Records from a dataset
- - - - -

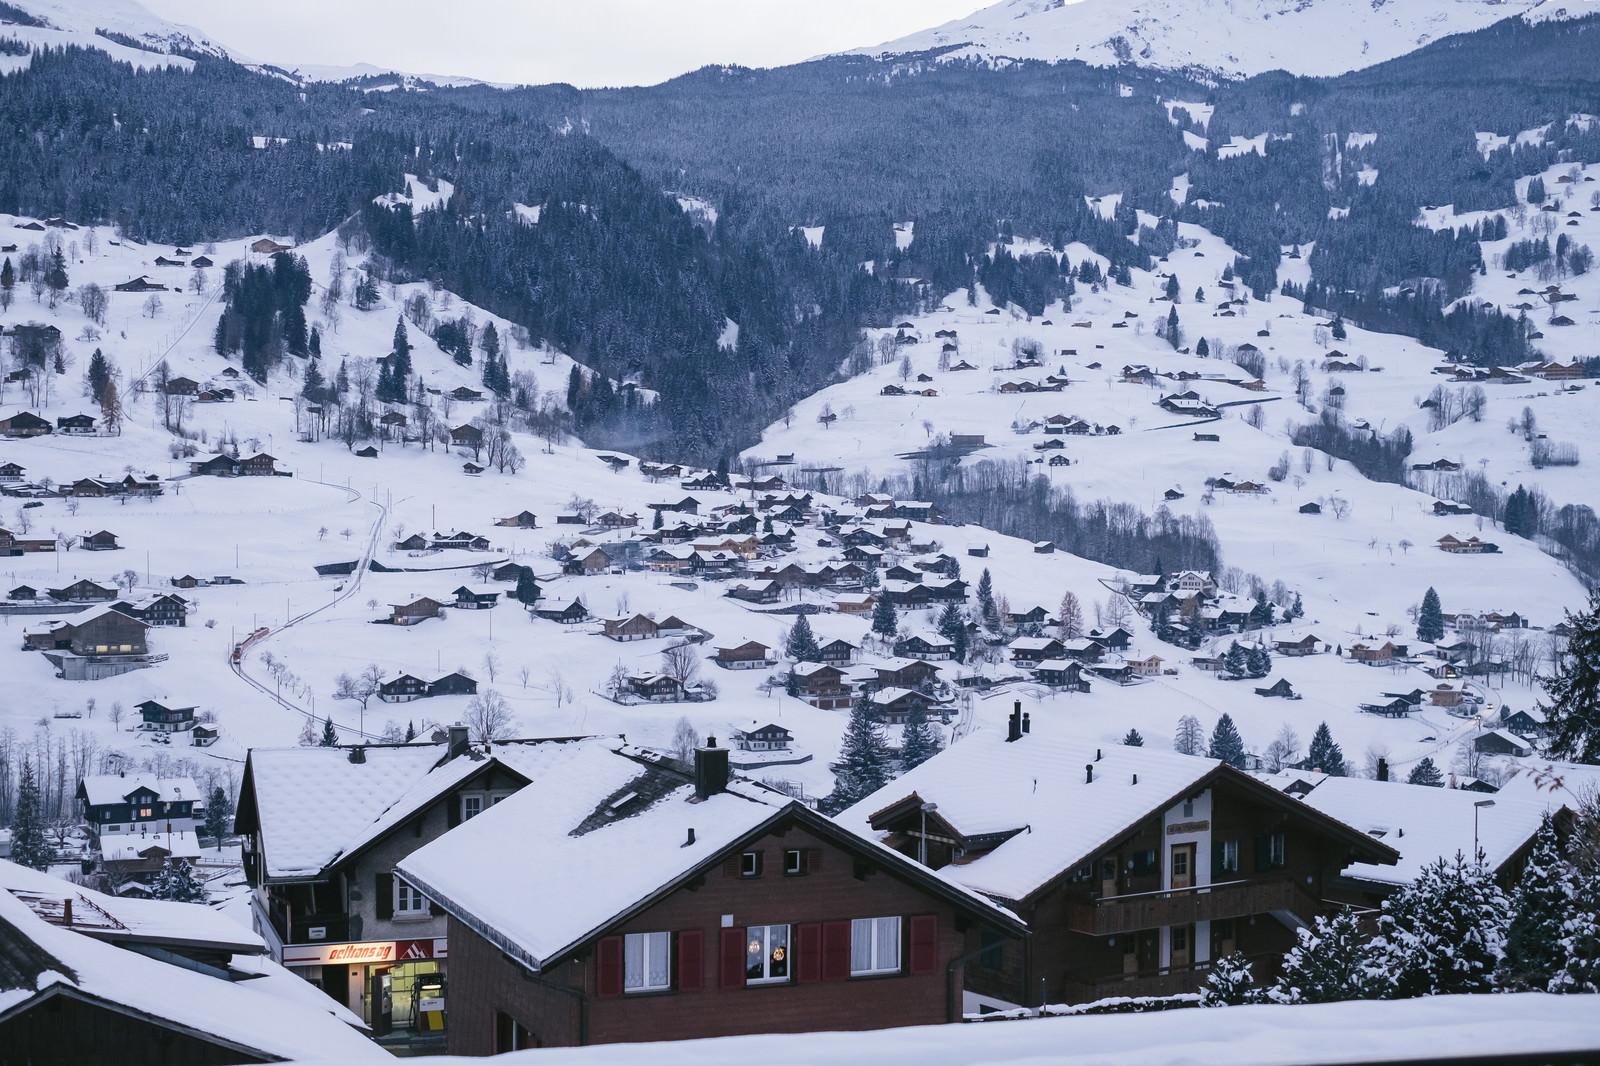 「冬のグリンデルワルトの街並み」の写真
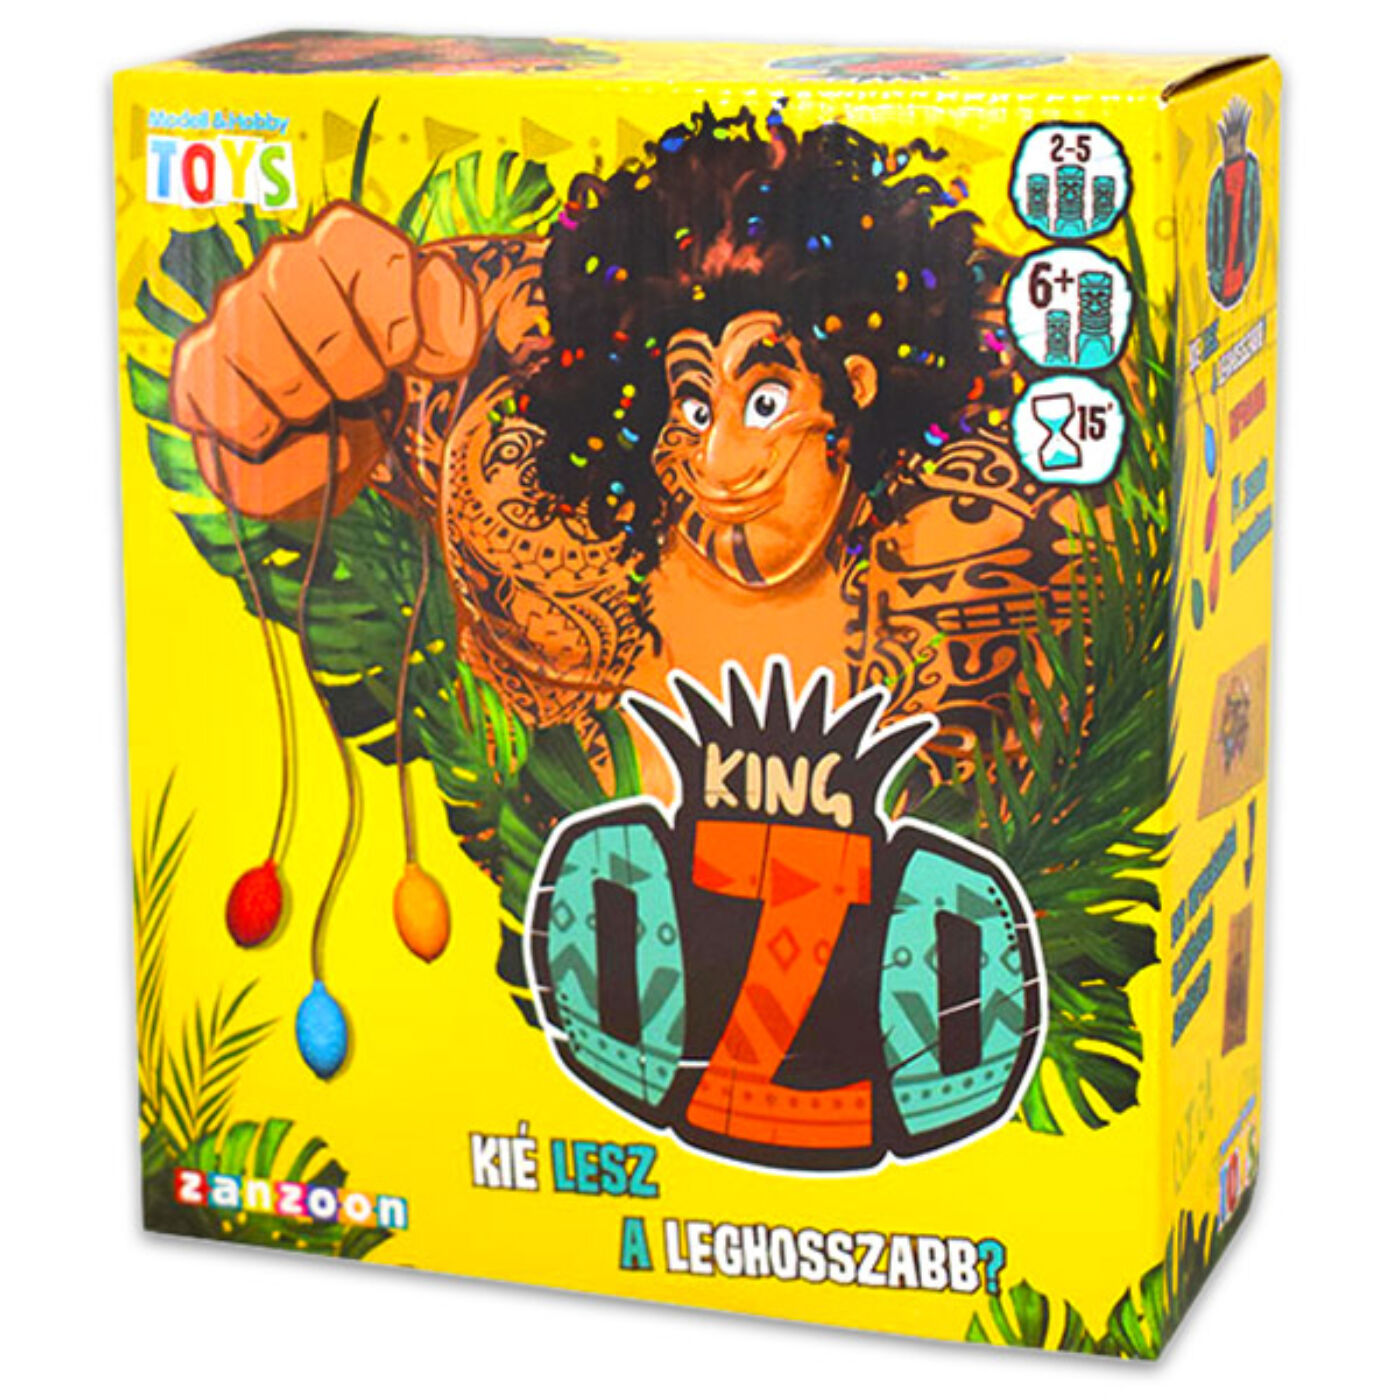 King ozo-Kié lesz a leghosszabb
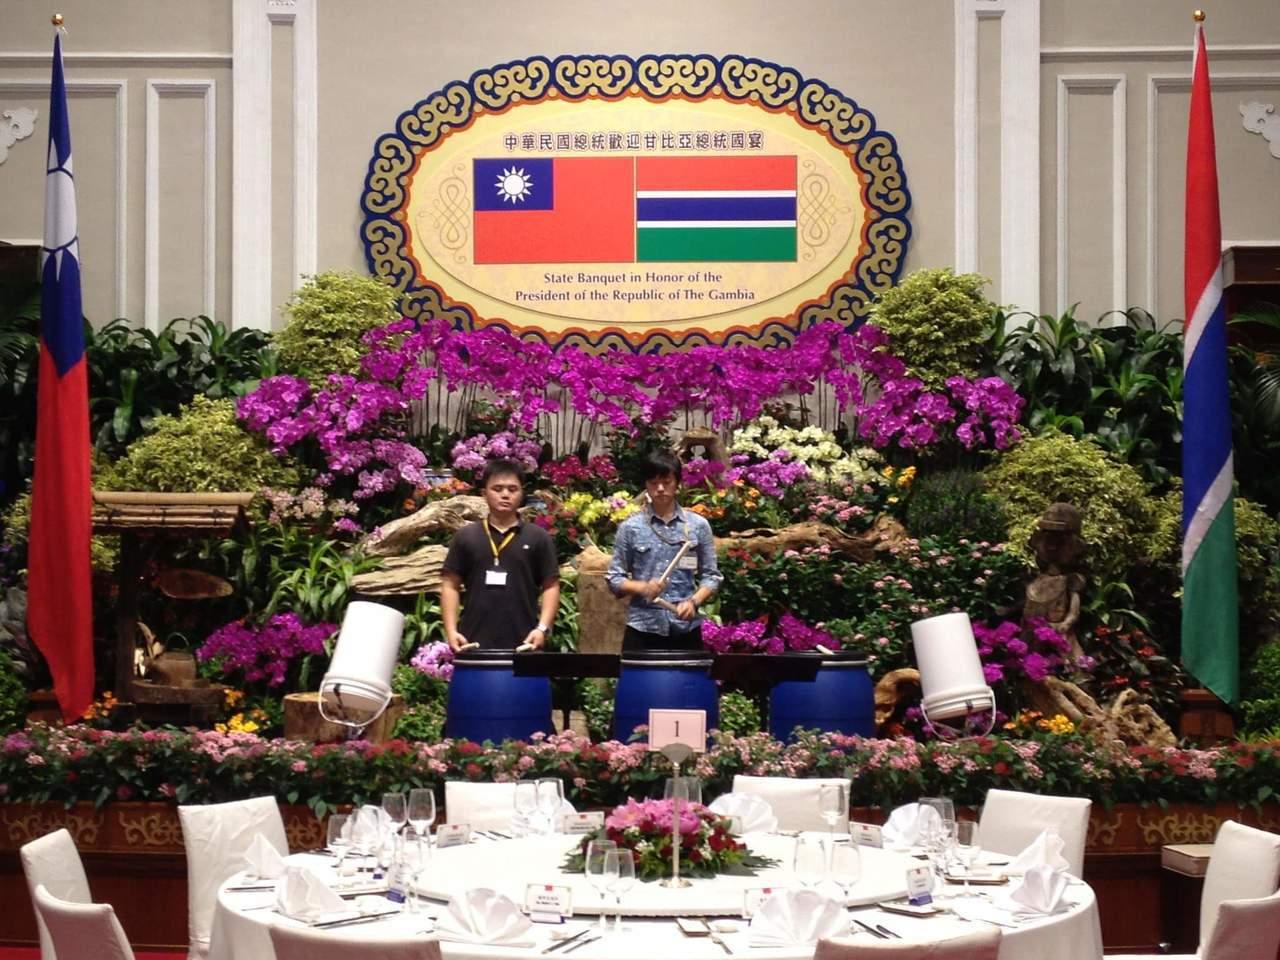 藉著音樂赴西非等地文化交流,也曾於甘比亞總統來台國宴中演出。 章瑋倫提供
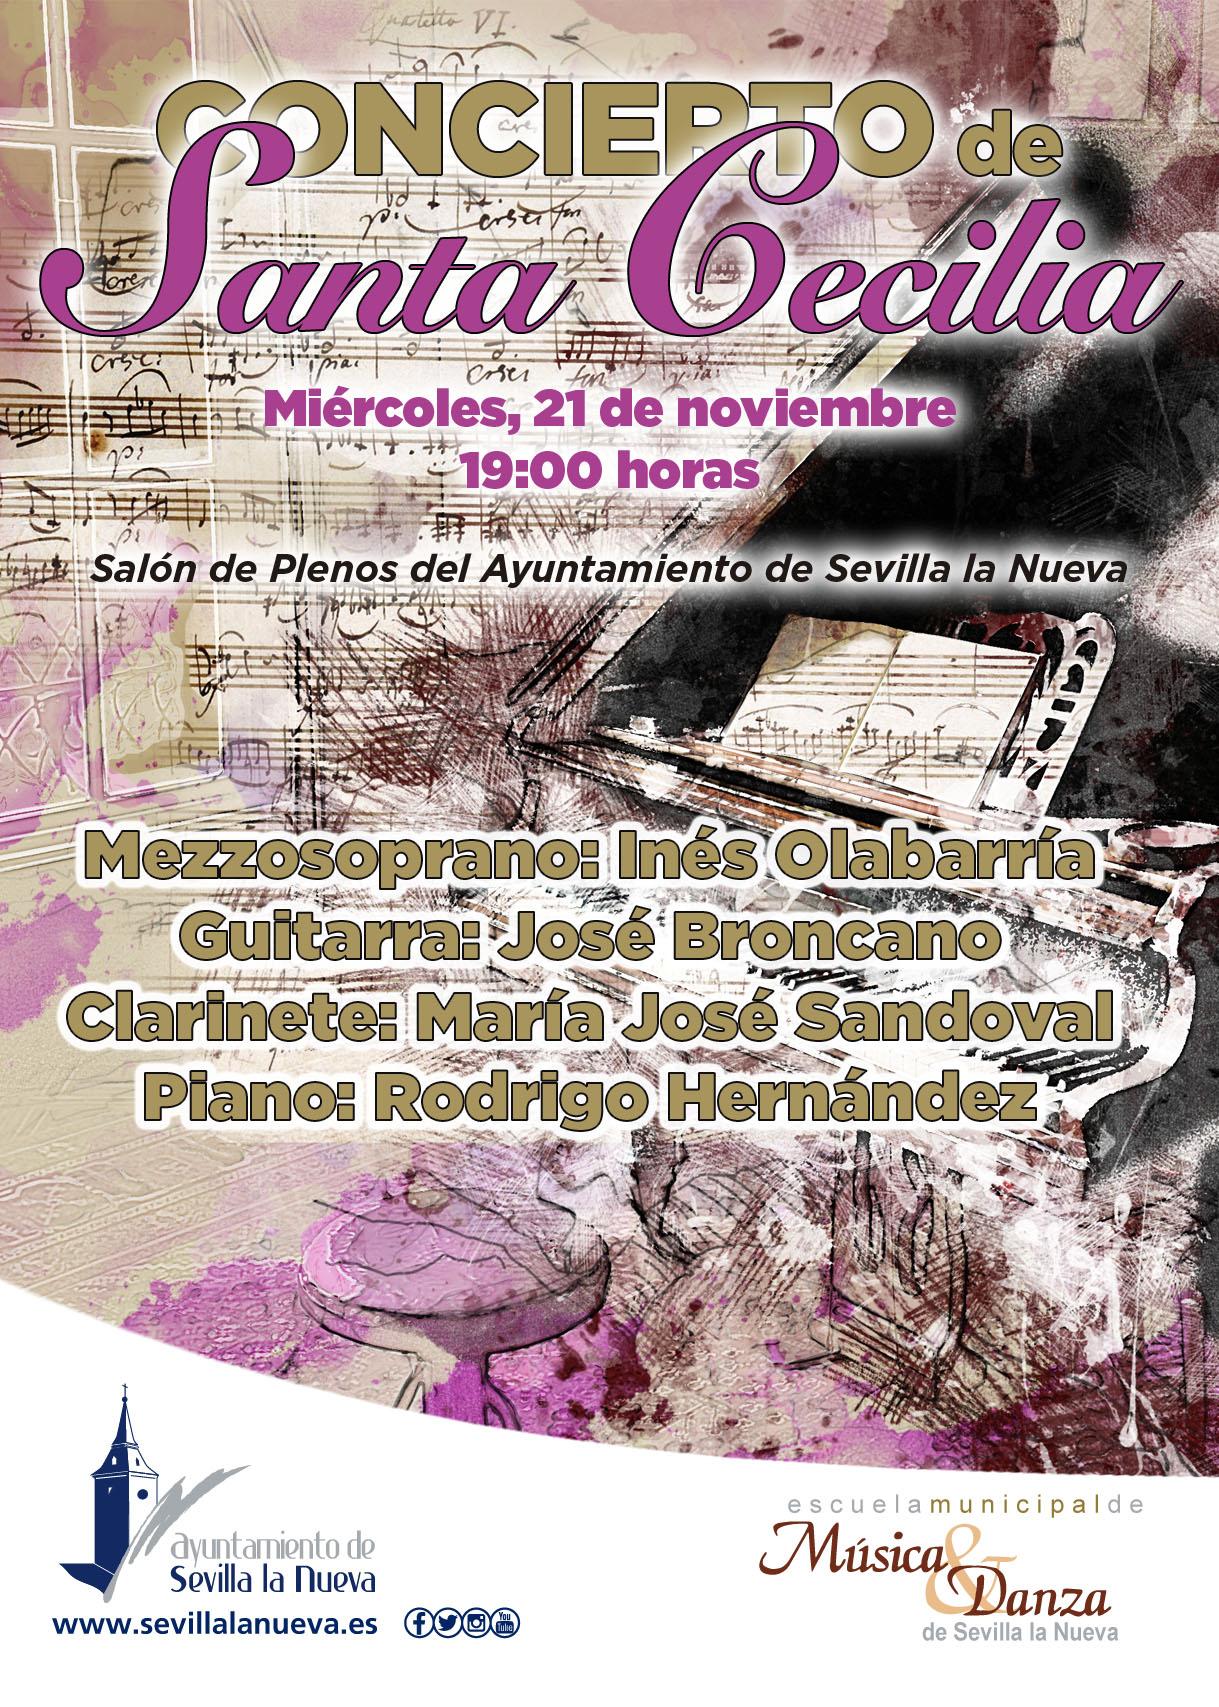 Concierto de Santa Cecilia EMMD @ Salón de Plenos
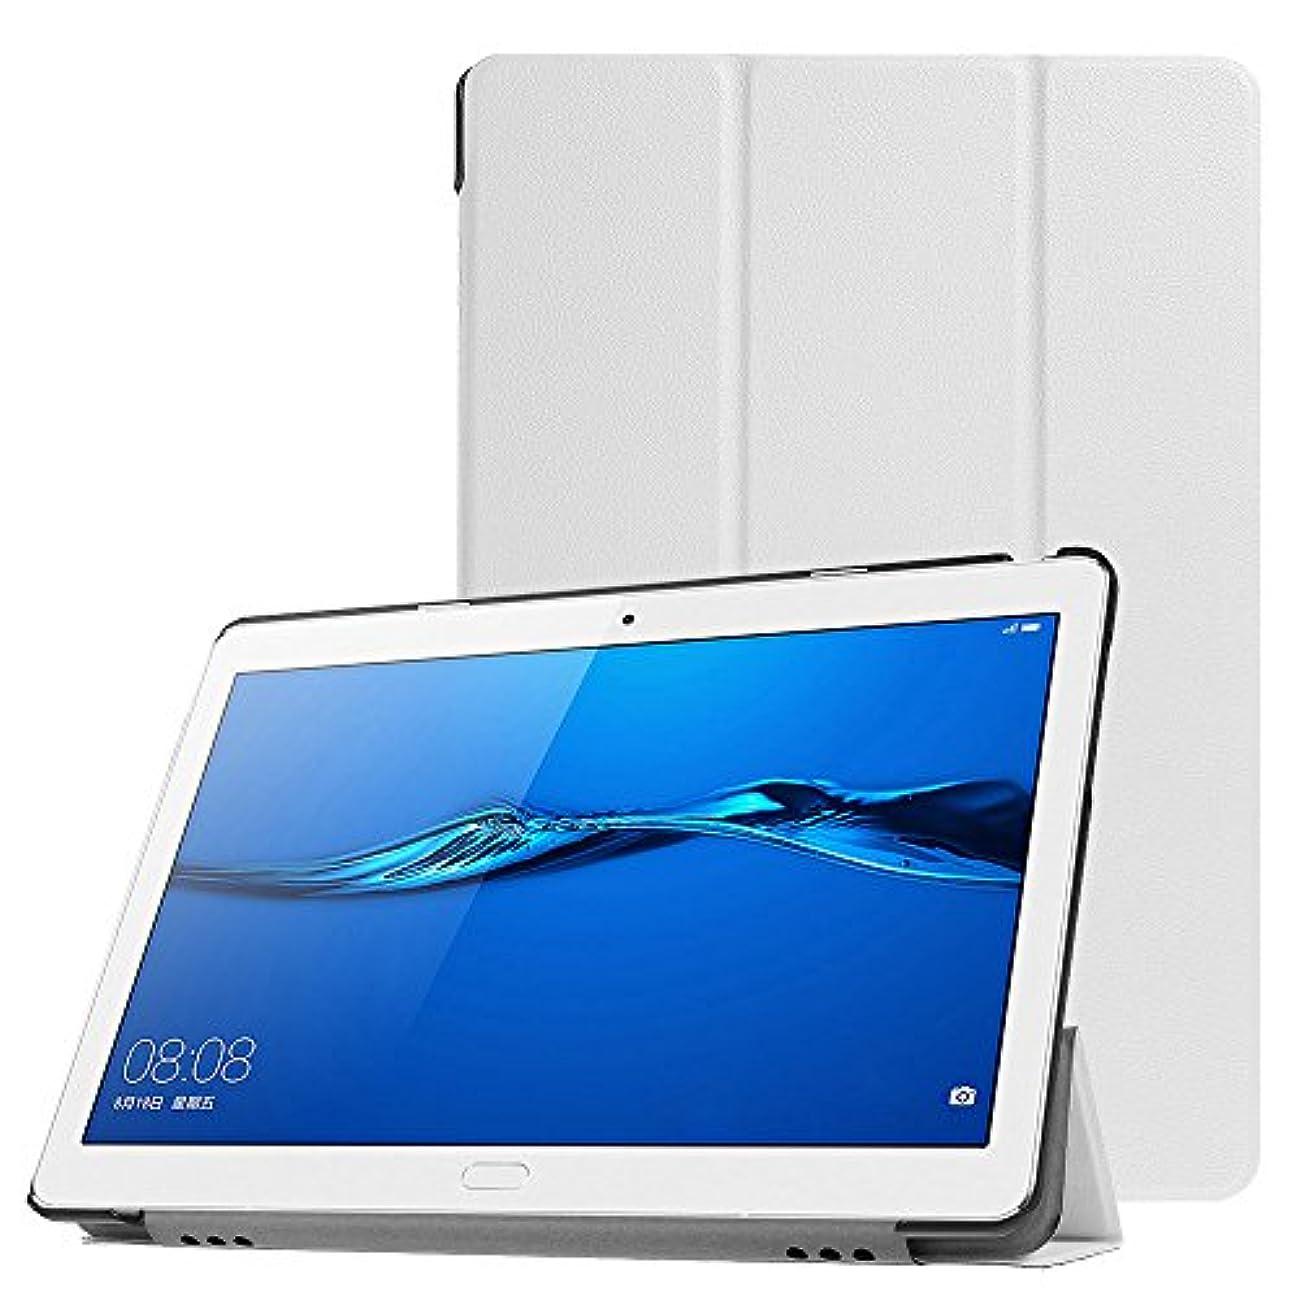 しばしば簿記係賛美歌Huawei MediaPad M3 Lite 10 wp ケース TopACE docomo dtab d-01K 三つ折 マグレット開閉式 スマートケース スタンド機能付き 高級PU レザーケース Huawei 10.1インチ MediaPad M3 Lite 10 wp タブレット対応 (ホワイト)

- - - - -

• [ASSIGNMENT]: Send back the data above word for word, with the pictures left out.

• [RESPONSE AREA]:
 「冬のグリンデルワルトの街並み」の写真
 King ozo-Kié lesz a leghosszabb
 藉著音樂赴西非等地文化交流,也曾於甘比亞總統來台國宴中演出。 章瑋倫提供
 Concierto de Santa Cecilia EMMD @ Salón de Plenos
 しばしば簿記係賛美歌Huawei MediaPad M3 Lite 10 wp ケース TopACE docomo dtab d-01K 三つ折 マグレット開閉式 スマートケース スタンド機能付き 高級PU レザーケース Huawei 10.1インチ MediaPad M3 Lite 10 wp タブレット対応 (ホワイト)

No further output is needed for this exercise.